I thought the MWI was the favored contender in physics nowadays, but strong skepticism by commenters here. Physicists around able to weigh in?

Yes that’s my feeling too, as a physicist who did his MSc on this stuff, then moved on. I’d say MWI is a belief I hold lightly, it doesn’t seem as important a question as it once was, but nevertheless anyone dismissing MWI probably hasn’t thought hard about it.

I don’t like the analogy to Libretaianism at all, though. I mean, quantum mechanics has a pretty serious claim to being (at the bottom of) a full description of reality.

While if you think the free-market stuff of Econ101 is anything close to a complete description of human behaviour, you clearly need to get stoned, go to church, watch more serial killer movies, etc.

Grant May 13, 2008 at 11:41 pm

I think this is a terrible analogy.

For one, I don’t think libertarianism (at least its consequentialist strain) makes any particularly strong or extreme claims. I’ve always read libertarianism as saying “people who have power over others do not tend to act in the best interest of their subjects”. Of course thats not always and everywhere true, but who really argues that government always and everywhere causes harm (Rothbard, maybe?). I believe the fore-mentioned statement is generally true, and so hold to it unless evidence is produced to the contrary.

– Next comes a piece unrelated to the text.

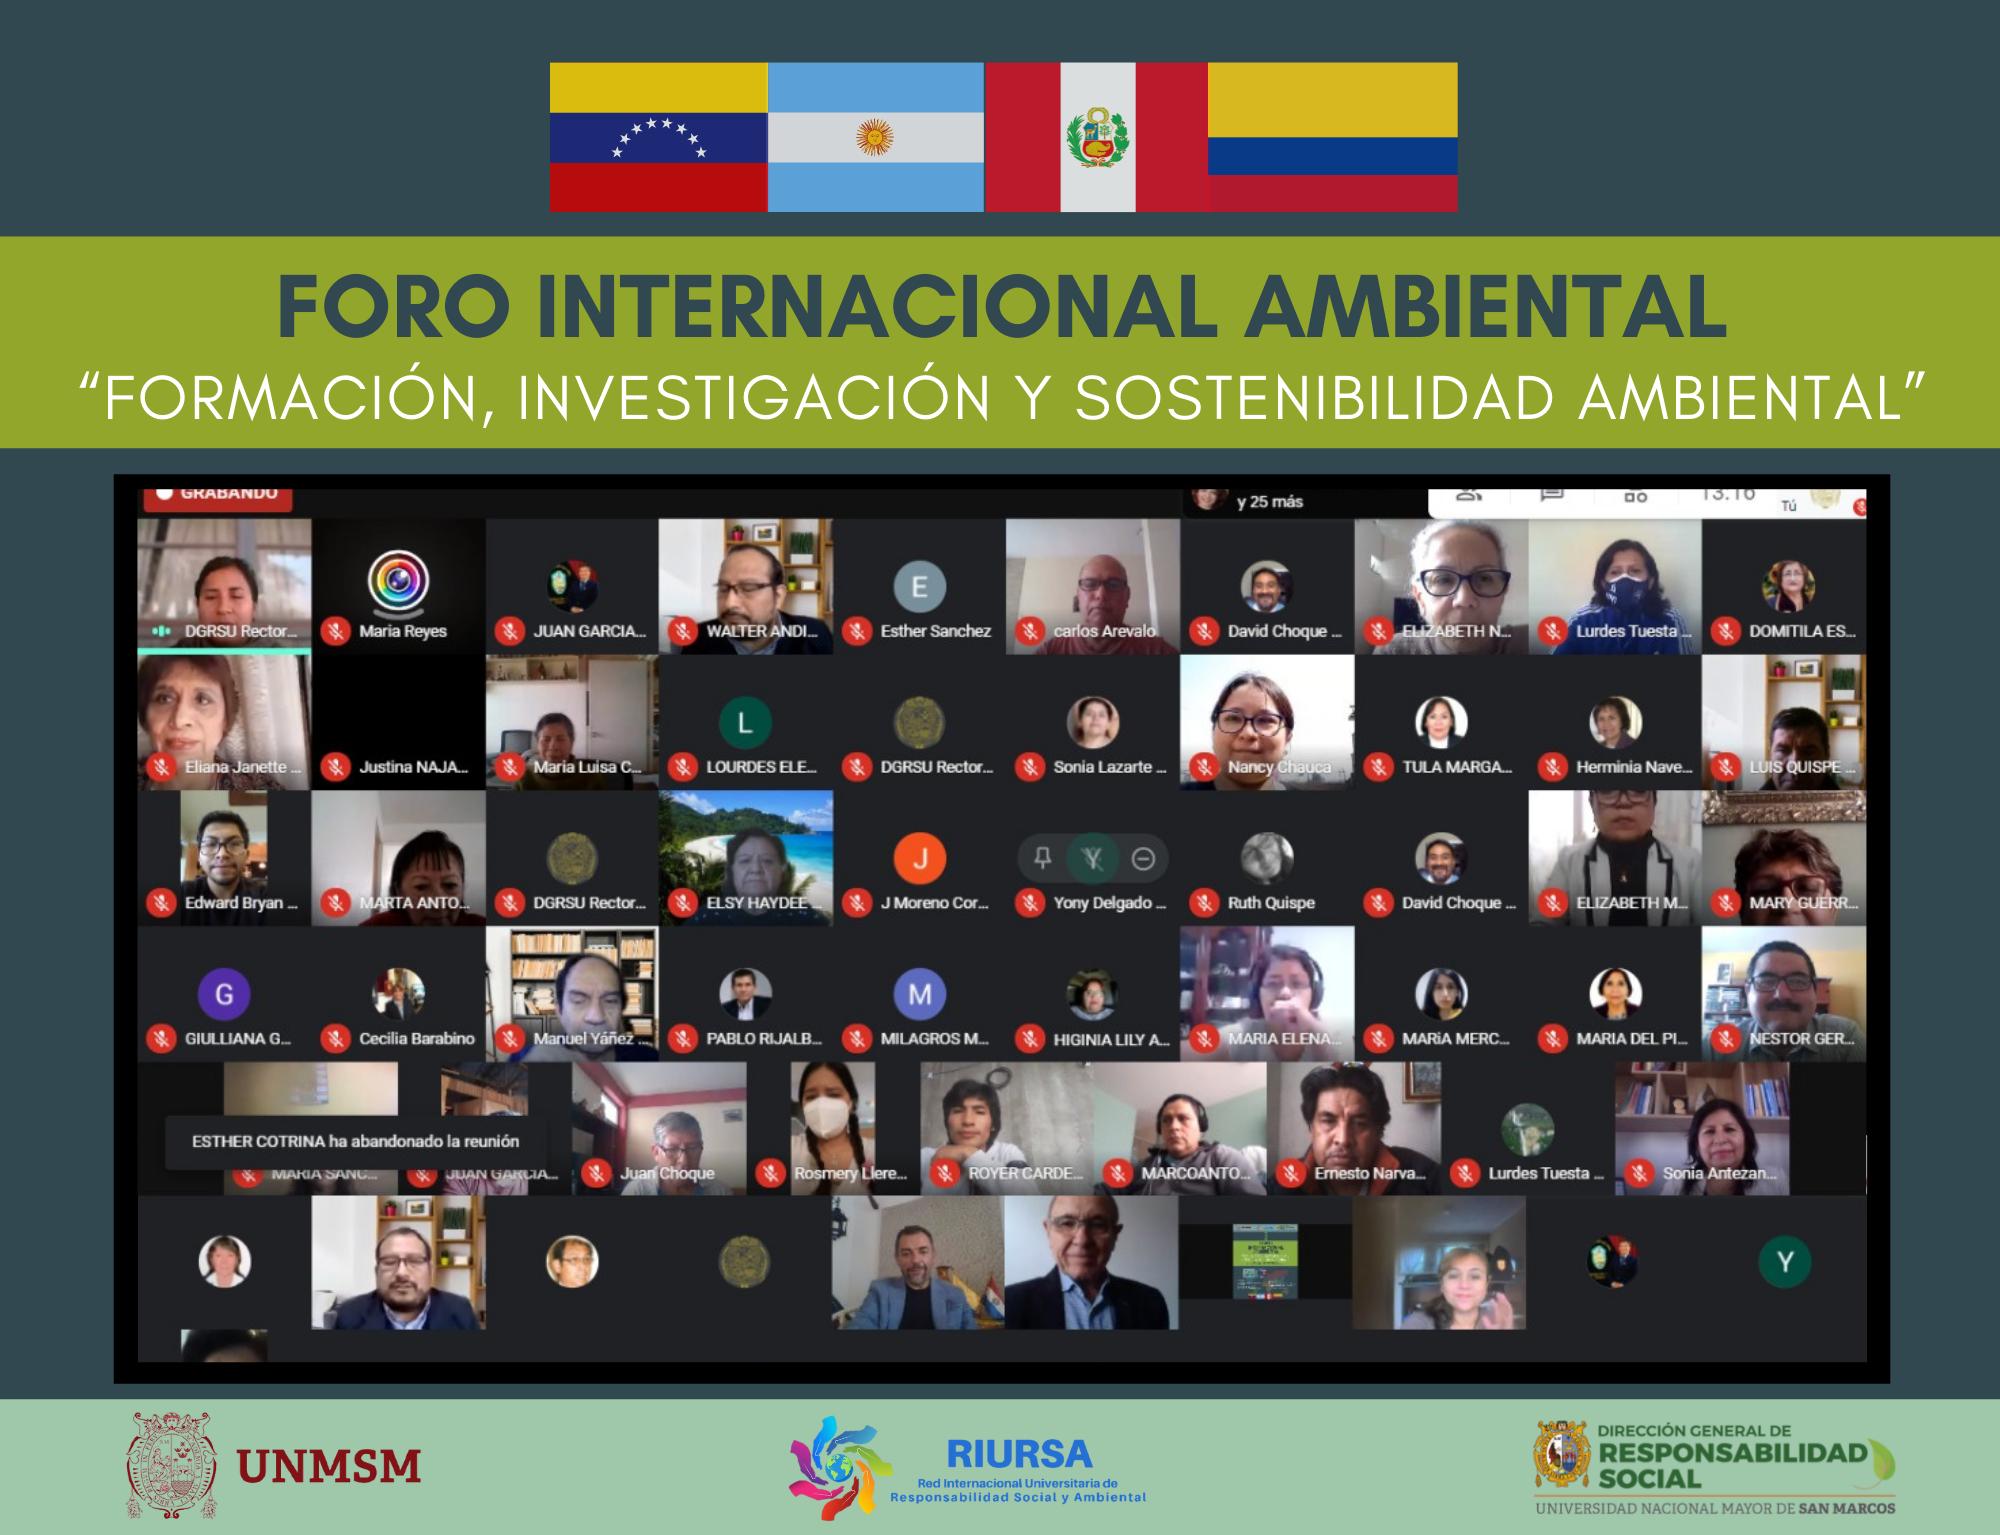 """Dirección General de Responsabilidad Social de la UNMSM organiza Foro Internacional Ambiental """"Formación, Investigación y Sostenibilidad Ambiental"""""""

I don’t think the many-worlds interpretation is particularly extreme either. It seems extreme from our perspective, but so what? Why should the truth of science be judged in relation to what hairless apes call “normal”? If one accepts science and evolution, one must accept that our brains and society evolved to deal with things very far removed from quantum physics, and I’d say that makes our judgment of what an “extreme” claim is to be pretty poor.

Zach May 14, 2008 at 10:18 am

I second the “theories that sound cool” poster.

I’m not sure what it means to believe the many worlds interpretation. It’s back-formed so as not to change any laws of physics, so in that sense there’s nothing to believe — you’ll get the same answer to any question about this universe as with any other interpretation. You can make up six interpretations before breakfast, as long as you don’t change any physics in the process.

If belief in the many worlds interpretation means a belief in the physical reality of the other worlds, in some way that could in principle be measured or verified, the number of supporters would be far smaller.